Academic Year/course:
2023/24
636 - Master's in Renewable Energies and Energy Efficiency
66361 - Solar Energy
Syllabus Information
Academic year:
2023/24
Subject:
66361 - Solar Energy
Faculty / School:
110 - Escuela de Ingeniería y Arquitectura
Degree:
636 - Master's in Renewable Energies and Energy Efficiency
ECTS:
6.0
Year:
1
Semester:
First semester
Subject type:
Compulsory
Module:
---
1. General information
The teaching objectives of the subject are:
SOLAR THERMAL
- To identify the characteristics of solar radiation that influence the design of solar installations.
- To know the range of application, the main characteristics, and the advantages and disadvantages of the different solar thermal technologies.
- To understand and critically analyse the criteria for selecting the type and model of thermal collector to be used.

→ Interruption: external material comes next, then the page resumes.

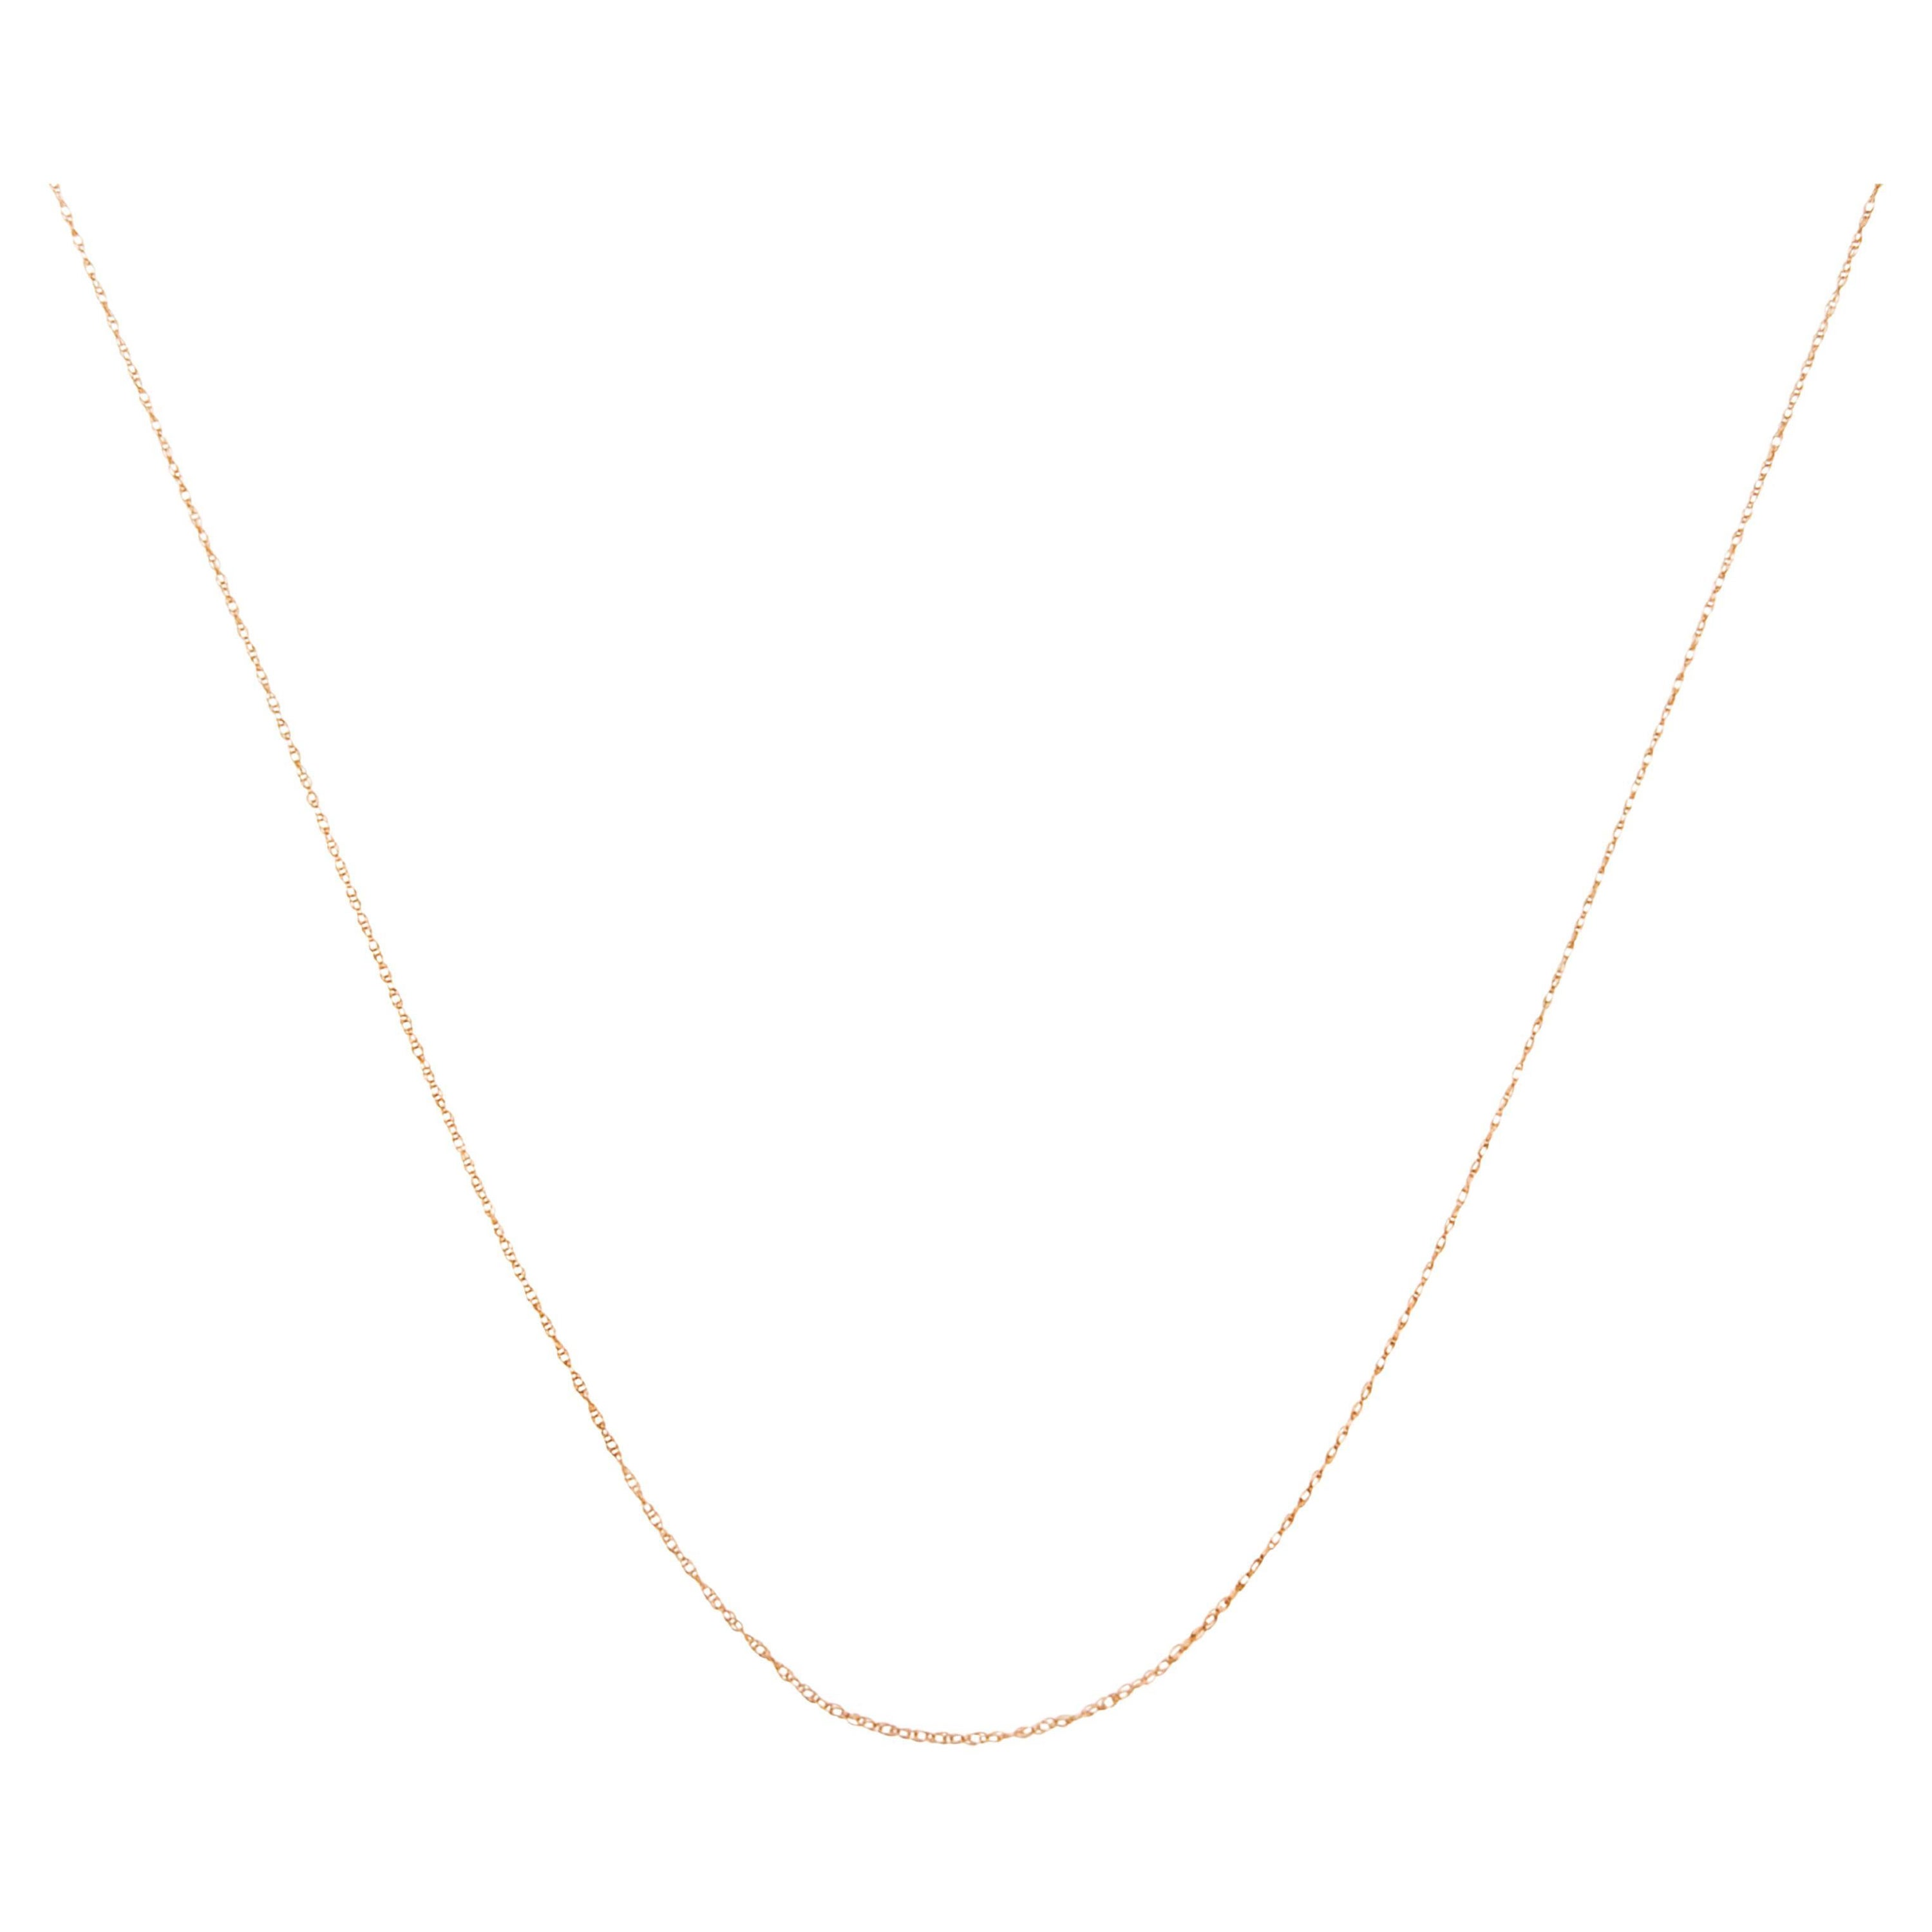 Collier à chaîne unisexe en or rose massif 10 carats, mince et souple

- To know and understand the different concentrating solar thermal systems.
SOLAR PHOTOVOLTAIC
- To perform basic sizing of solar photovoltaic installations, both off-grid and grid-connected.
- To identify and select the equipment that is part of a solar photovoltaic installation using technical criteria.
These approaches and objectives are aligned with the SDGs of the 2030 Agenda, Goals 7, 8, 9, 1, 12 and 13.
2. Learning results
2. Learning results
SOLAR THERMAL
- To identify the characteristics of solar radiation that influence the design of solar installations, evaluating such radiation and its components.
- To understand solar diagrams and their use.
- To evaluate the shading factor that can occur in a grouping of collectors. To characterise shadows and blocking.
- To analyse the characteristics of the solar spectrum and the value of radiation at each instant and location.
- To identify the different forms of energy use of solar thermal energy.
- To know the range of application, the main characteristics, and the advantages and disadvantages of the different solar technologies, clearly distinguishing between systems with or without solar concentration.
- To understand and critically analyse the criteria for selecting the type and model of collector best suited to the climatic conditions, characteristics and peculiarities of a given installation.
- To know the technical and operational aspects of the different concentrating solar thermal systems.
SOLAR PHOTOVOLTAIC
- To know the current state of development of each technology, as well as the main countries and companies in the sector.
- To know the different subsystems of a solar photovoltaic installation, the different types of photovoltaic materials and their electrical behaviour.
- To know the current status of the implementation of photovoltaic electric systems and future prospects, as well as the applicable regulations in the case of Spain.
- To be able to use the tools and techniques necessary for the sizing, commissioning and maintenance of solar photovoltaic installations.
3. Syllabus
SOLAR THERMAL
1.- Solar Energy.
1.1.- Earth-Sun geometry.
1.2.- Solar radiation.
2.- Non-concentrating solar thermal systems.
2.1.- Low temperature solar thermal collectors.
2.2.- Solar towers.
3.- Concentrated solar thermal systems.
3.1.- CCP plants.
3.2.- Fresnel power plants.
3.3.- Solar furnace.
3.4.- Parabolic discs.
3.5.- Tower power plants.
SOLAR PHOTOVOLTAIC
1.- Introduction to photovoltaic energy: present, future, applications.
2.- Fundamentals of photovoltaic conversion. The solar cell.
3.- The photovoltaic module
4.- The inverter and other BOS subsystems.
5.- Grid-connected photovoltaic systems.
6.- Autonomous photovoltaic systems.
7.- Photovoltaic self-consumption.
8.- Economic and legislative aspects.
4. Academic activities
The learning process is based on the following:
- Theory sessions: basic concepts are explained and related to the technical characteristics of the processes using short exercises, which helps to understand the concepts. In both cases, the methodology is based on master classes.
- Practical sessions: a combination of laboratory experiments, computer sessions and assignments in which more complex practical cases than those presented on the blackboard are studied. A certain amount of computer power is needed to solve these cases.
- Visits to facilities in the area are also possible.
5. Assessment system
For evaluation purposes, the subject is divided into two parts, with the following weights on the final grade:
- Solar thermal: 50%.
- Solar photovoltaic: 50%.
For each of these parts, both the practical activities and the exams will be taken into account.
The final grade will be calculated by weighting the grades obtained in each of the following activities:
- Procedural evaluation (50 %):formative and summative continuous assessment of graded tutored work and practical activities including the of the corresponding script.
- Final exam (50 %): summative evaluation to assess the final learning result. A minimum grade of 5 points in the exams is required to pass the subject.
Both in the first and second call, in the event that the student does not opt for the assessment method described above or has not passed the tutored work during the term, they may opt for the global assessment of the subject, for which they must take a written exam (80% of the final grade). If the tasks in the practical sessions have not been completed, the student may request a practical exam (20%).